- **DIRECTIONS FOR THIS TASK**: Everything in the listing must be repeated exactly, apart from the images.

- **PROVIDED MATERIAL**:
━━━━━━━━━━━━━━━━

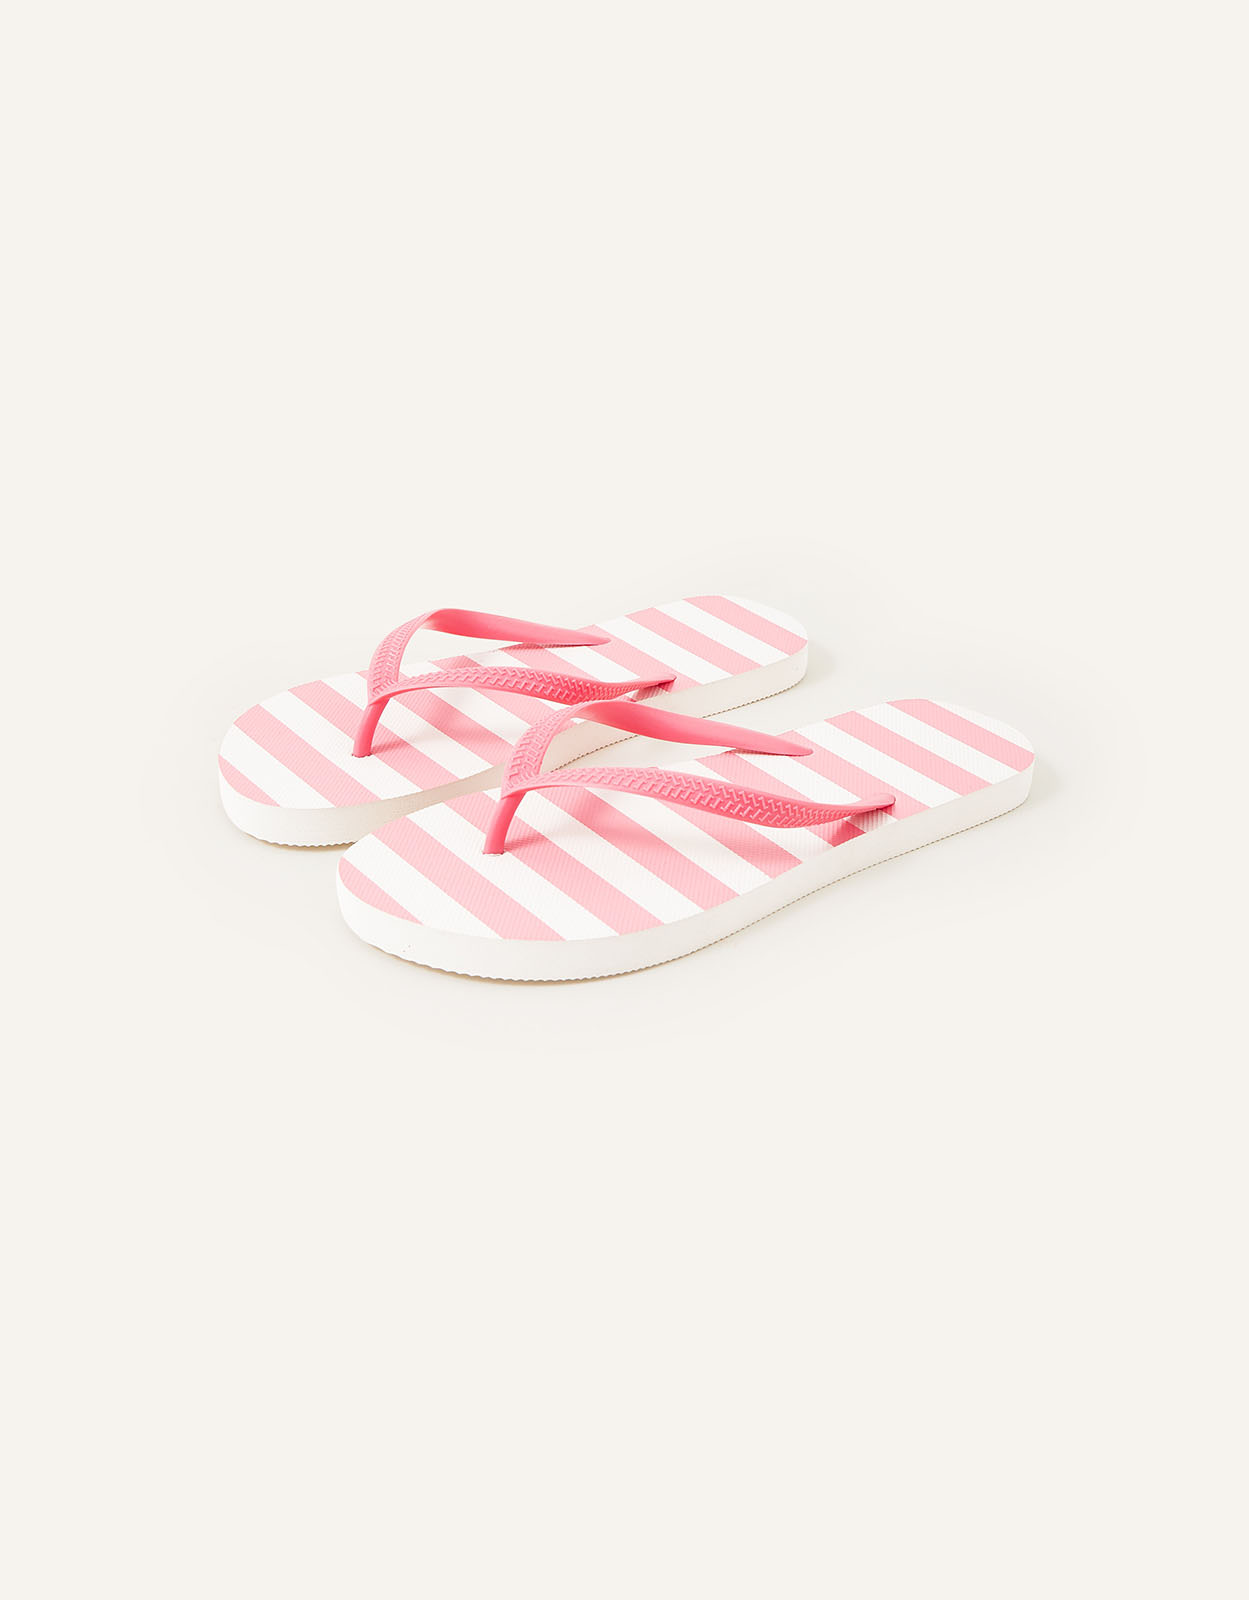 Accessorize Women's Stripe Flip Flops Pink, Size: L
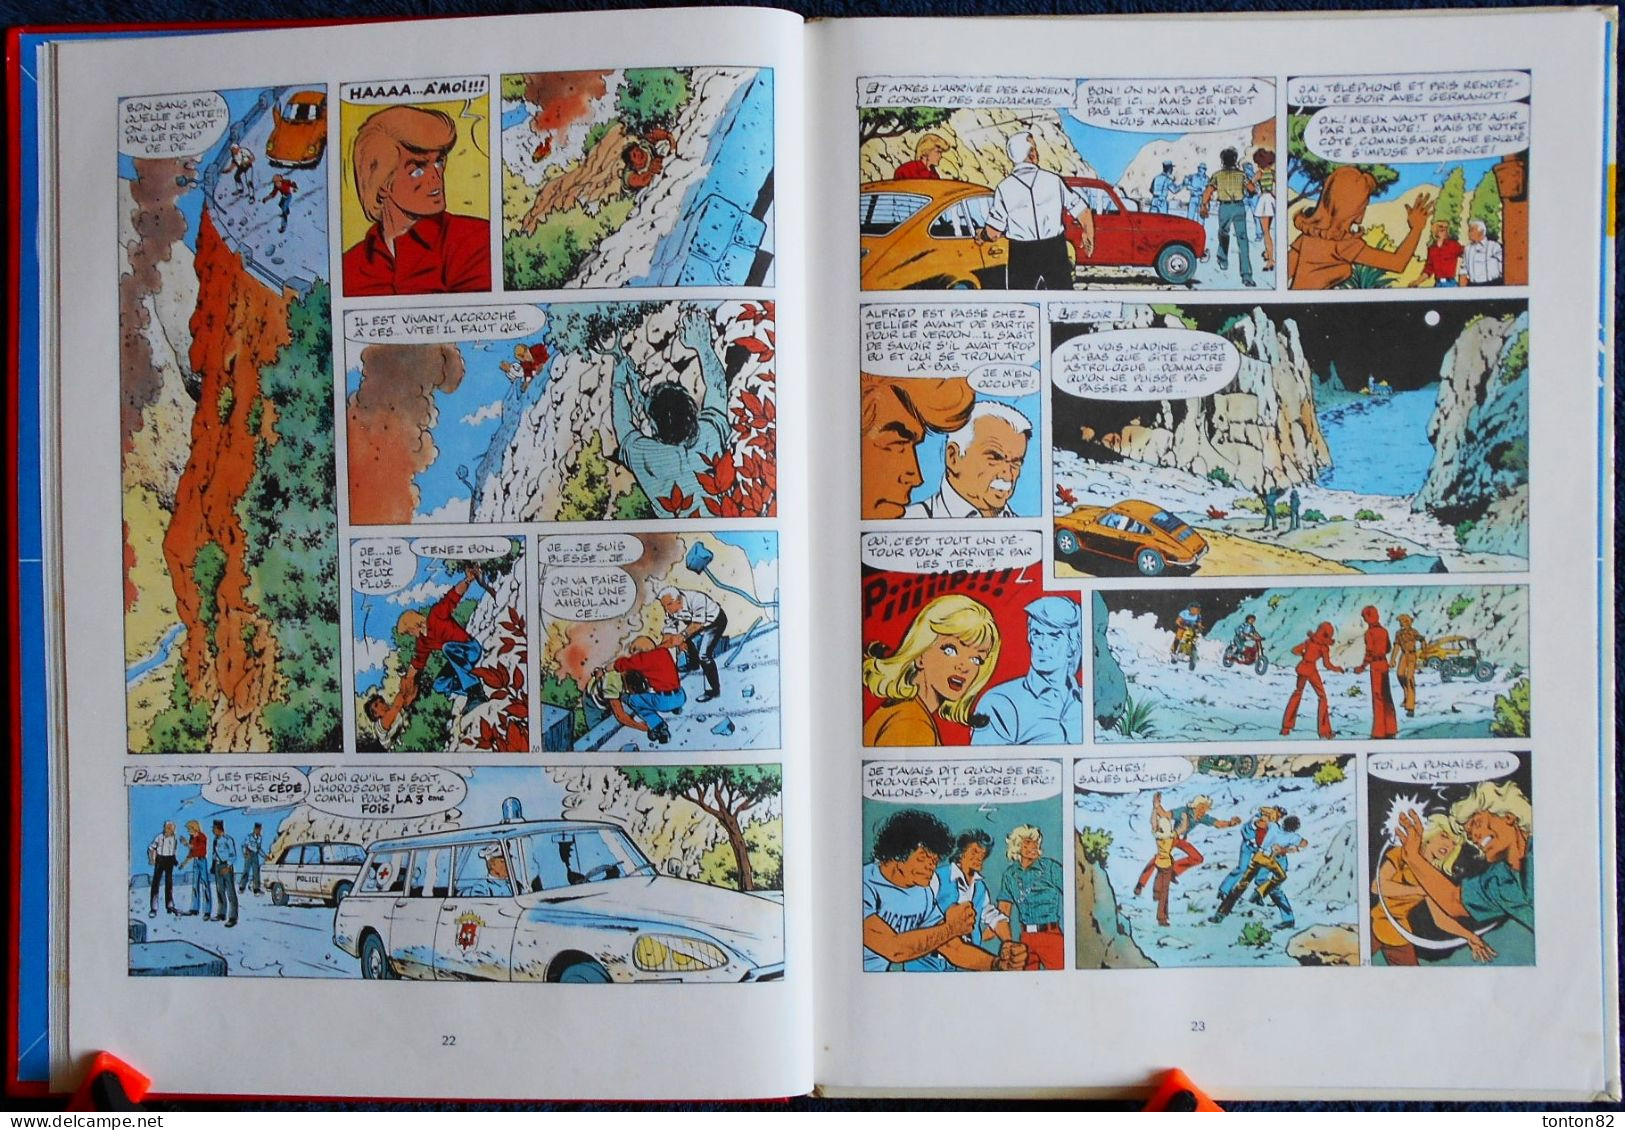 Tibet et A.P. Duchateau - RIC HOCHET 19 - Les signes de la peur - Éditions du Lombard - ( 1979 ) .
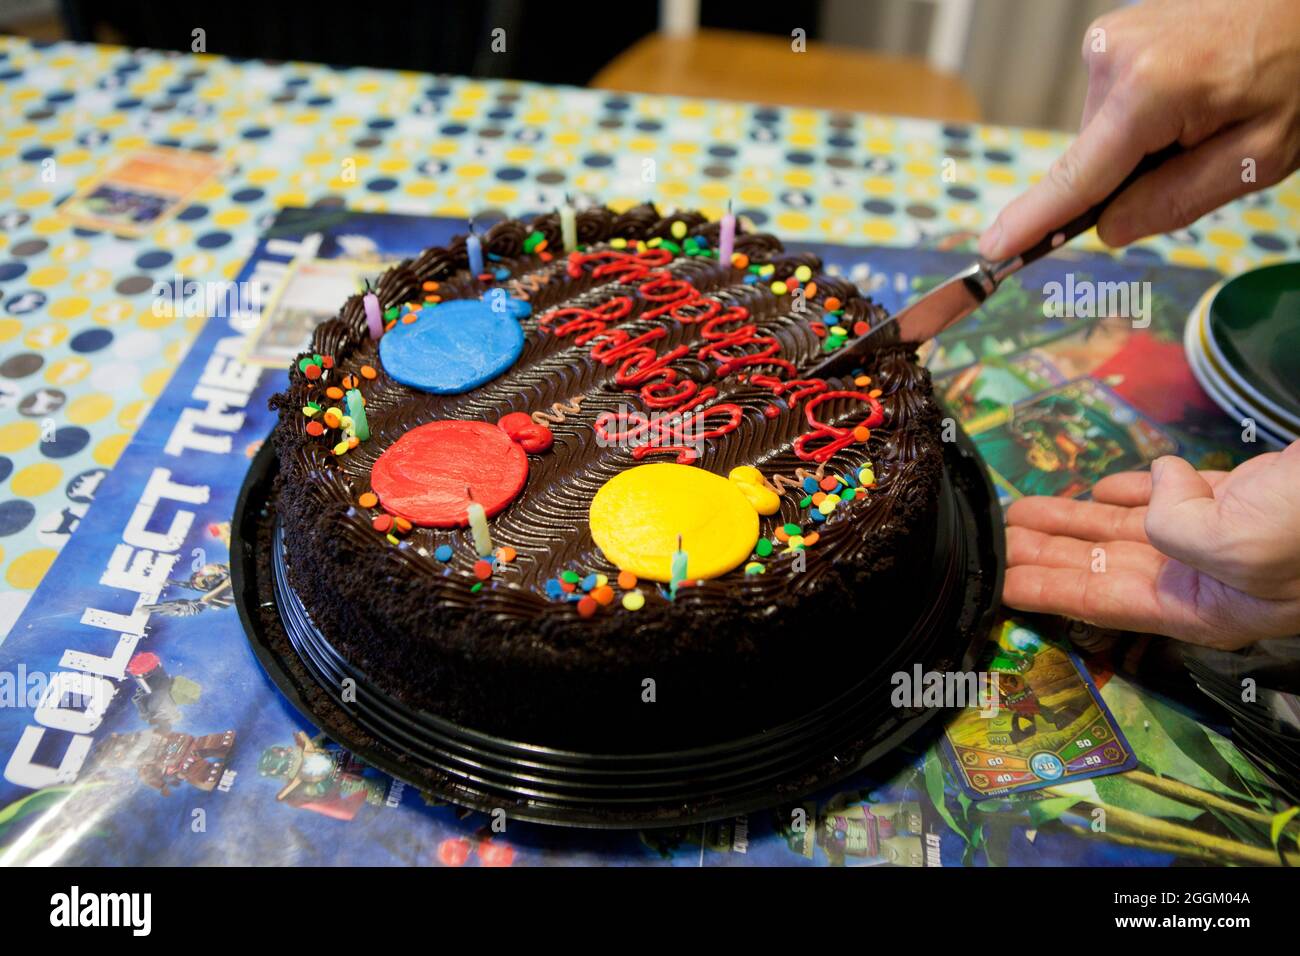 Hombre cortando pastel de cumpleaños de chocolate, de cerca - EE.UU Foto de stock
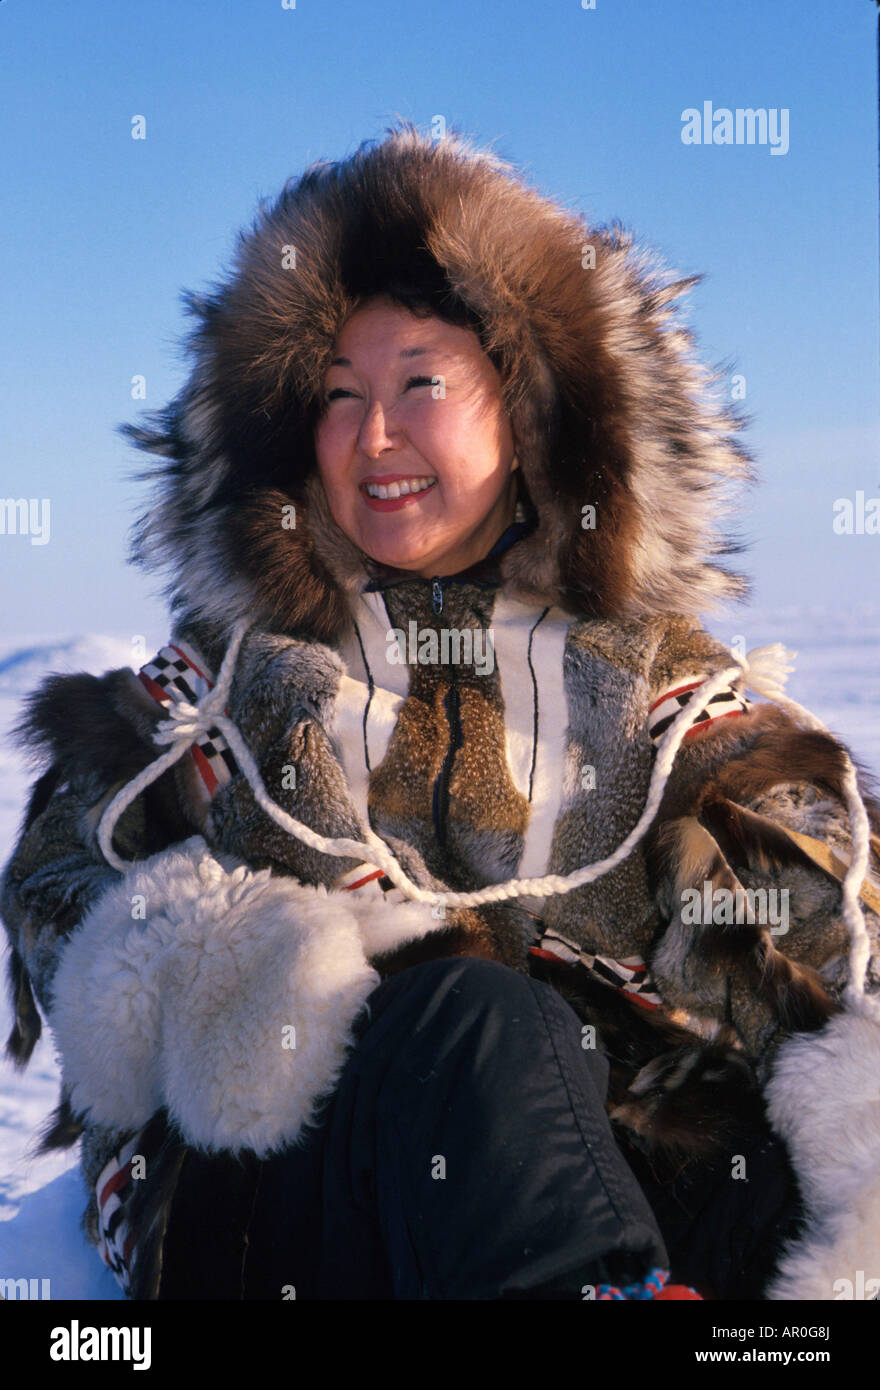 Inupiat Eskimo Woman in Fur Parka Nome AK Winter Stock Photo: 15898721 ...

━━━━━━━━━━━━━━━━

- **SOLVED PROBLEM**:
 Accessorize Women's Stripe Flip Flops Pink, Size: L
 Tibet et A.P. Duchateau - RIC HOCHET 19 - Les signes de la peur - Éditions du Lombard - ( 1979 ) .
 Hombre cortando pastel de cumpleaños de chocolate, de cerca - EE.UU Foto de stock
 Inupiat Eskimo Woman in Fur Parka Nome AK Winter Stock Photo: 15898721 ...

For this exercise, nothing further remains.